[Start of Attachment]

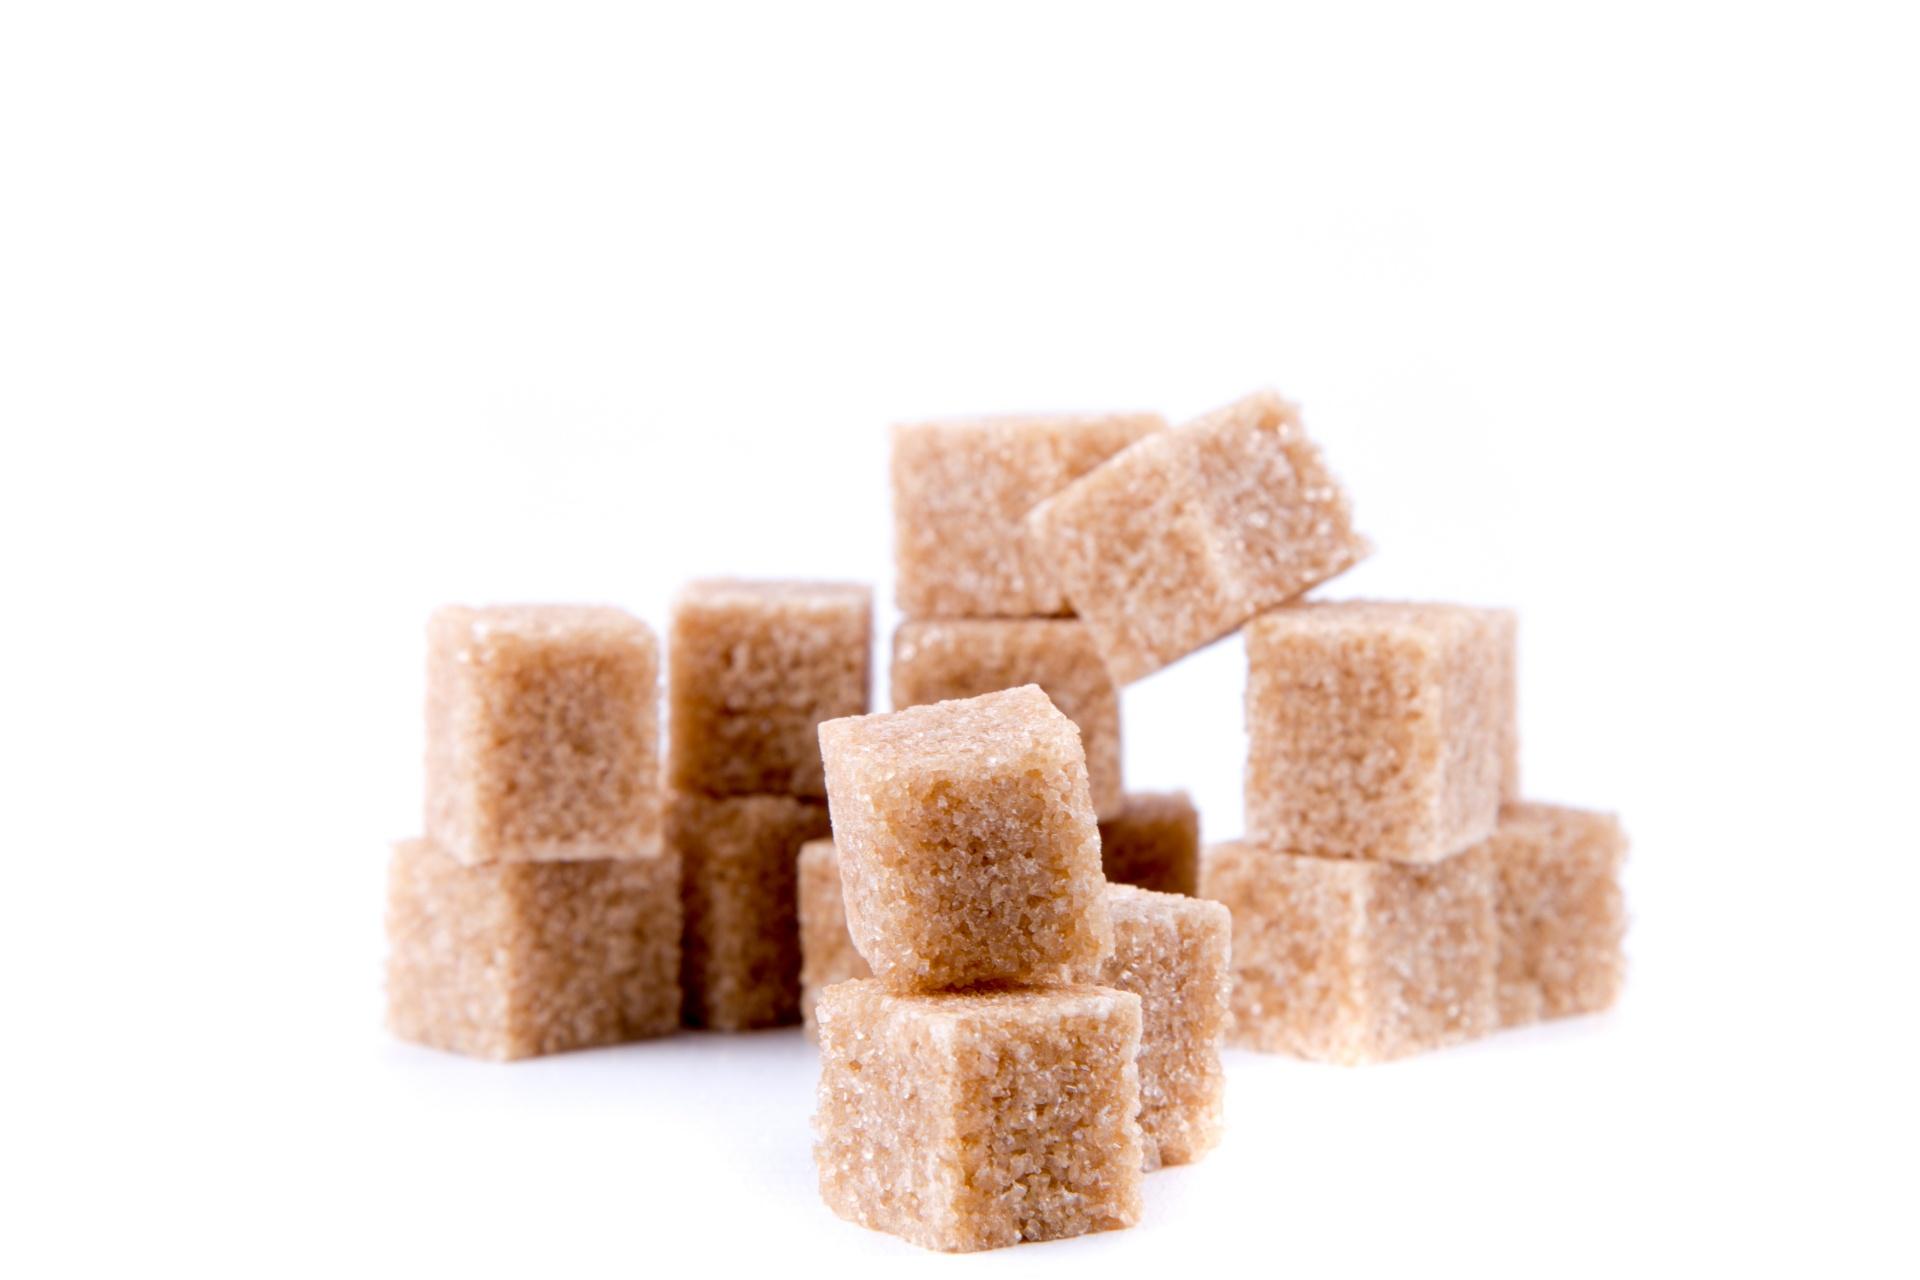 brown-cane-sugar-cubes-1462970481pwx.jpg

[End of Attachment]
[Start of Attachment]

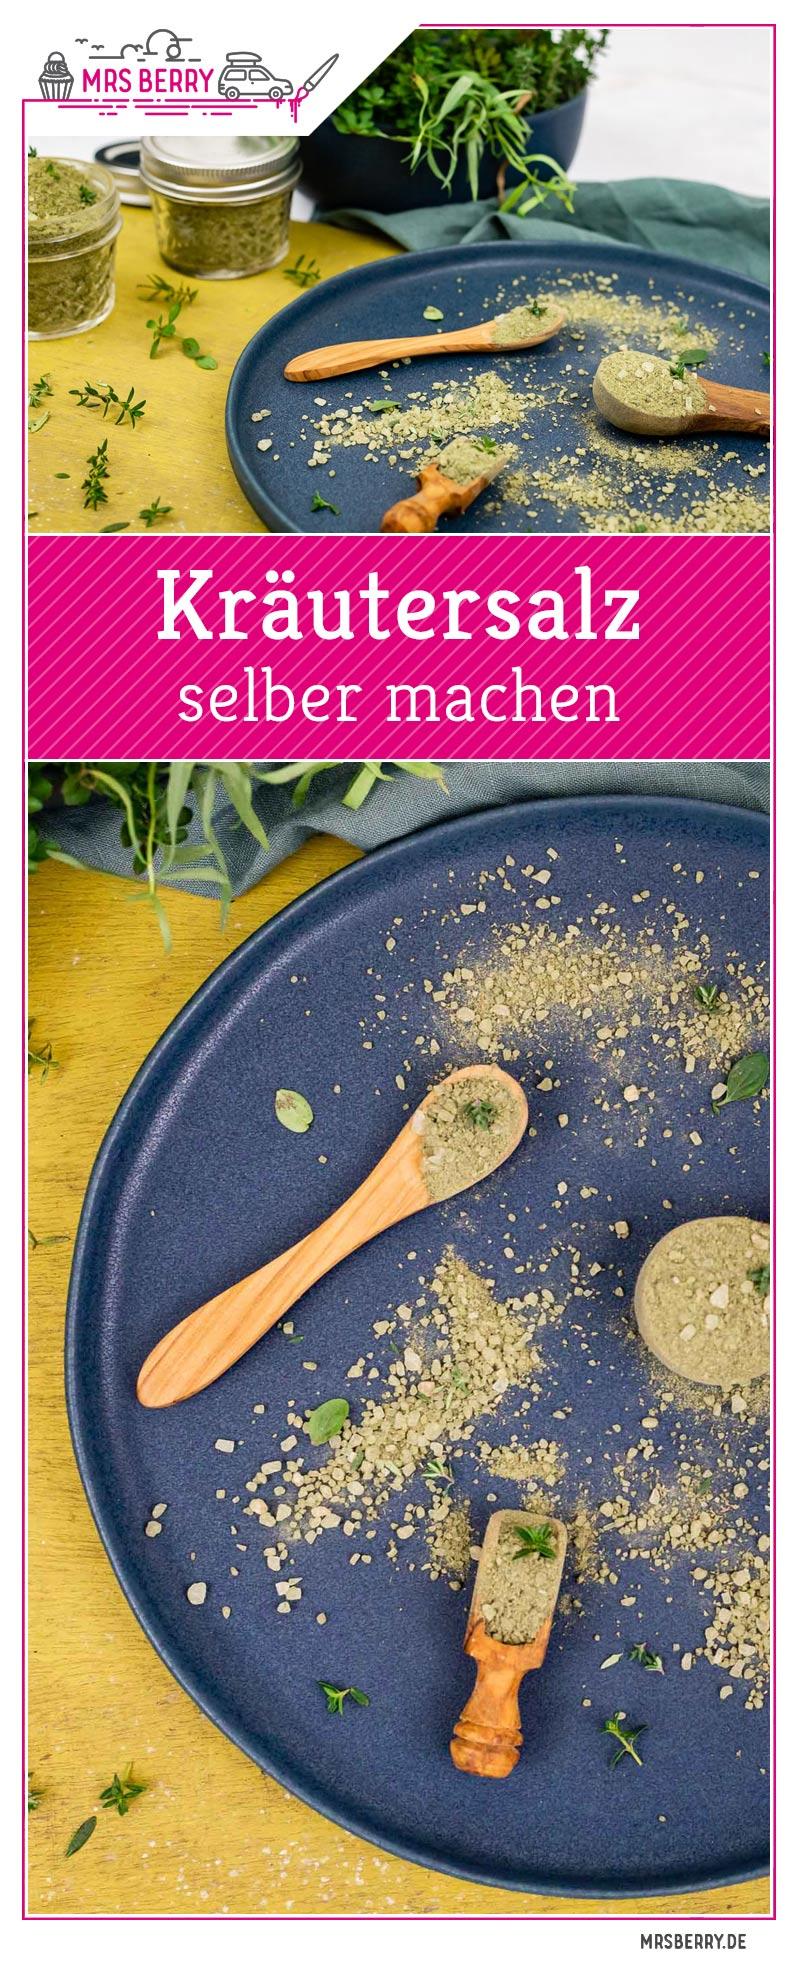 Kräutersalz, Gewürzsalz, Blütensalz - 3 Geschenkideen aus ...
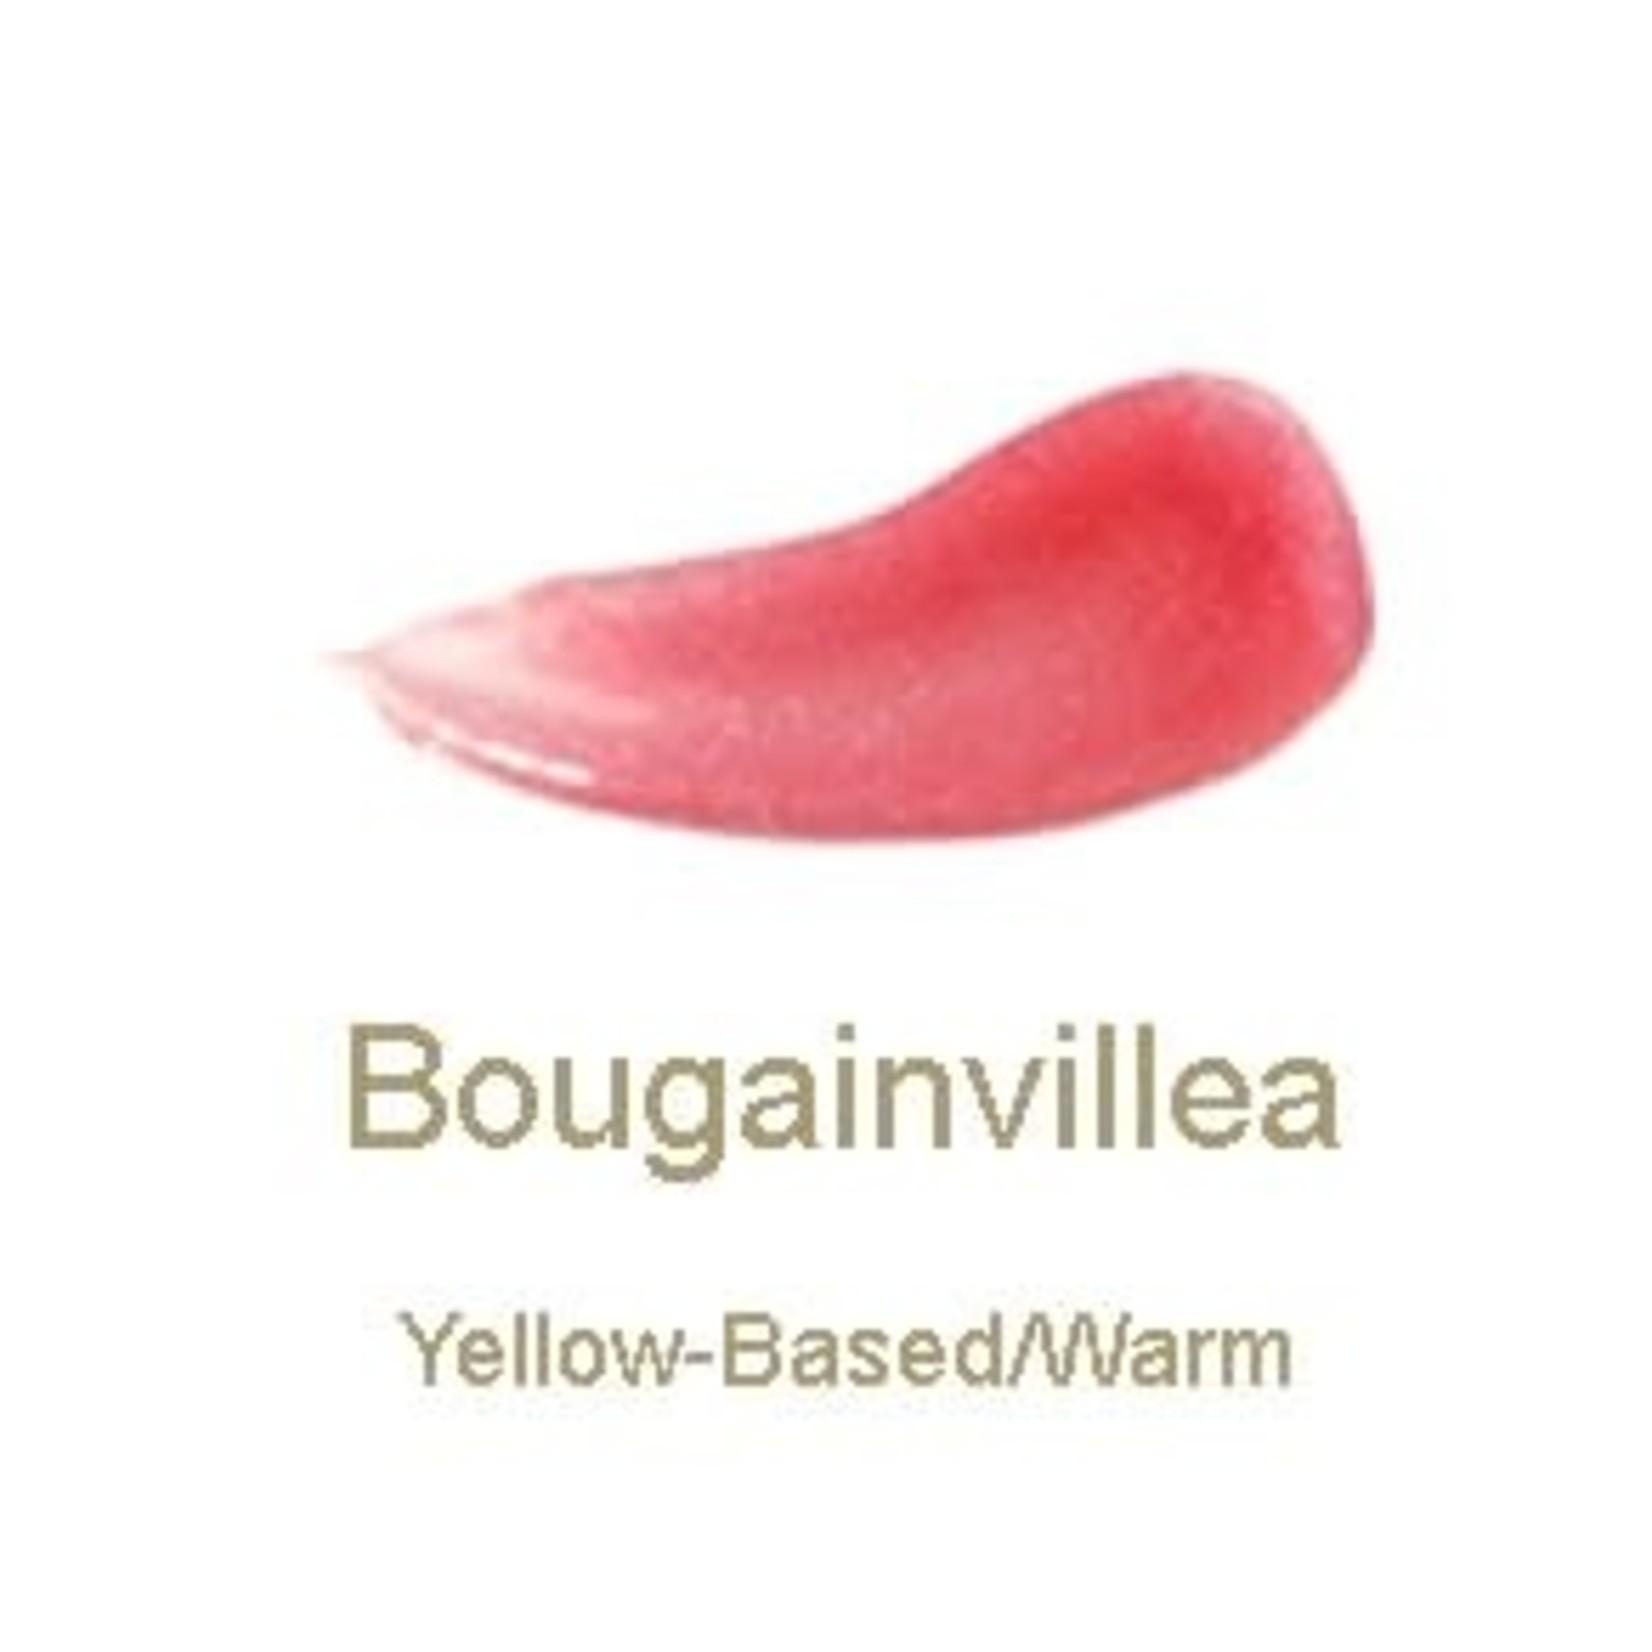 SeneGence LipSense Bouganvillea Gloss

[End of Attachment]

What you will do
For this exercise, transcribe exactly the part of the records above that opens with the line containing "Kräutersalz, Gewürzsalz, Blütensalz" and closes with the one containing "SeneGence LipSense Bouganvillea Gloss". Pictures are not part of the copy.

Solution for this exercise
 Kräutersalz, Gewürzsalz, Blütensalz - 3 Geschenkideen aus ...
 SeneGence LipSense Bouganvillea Gloss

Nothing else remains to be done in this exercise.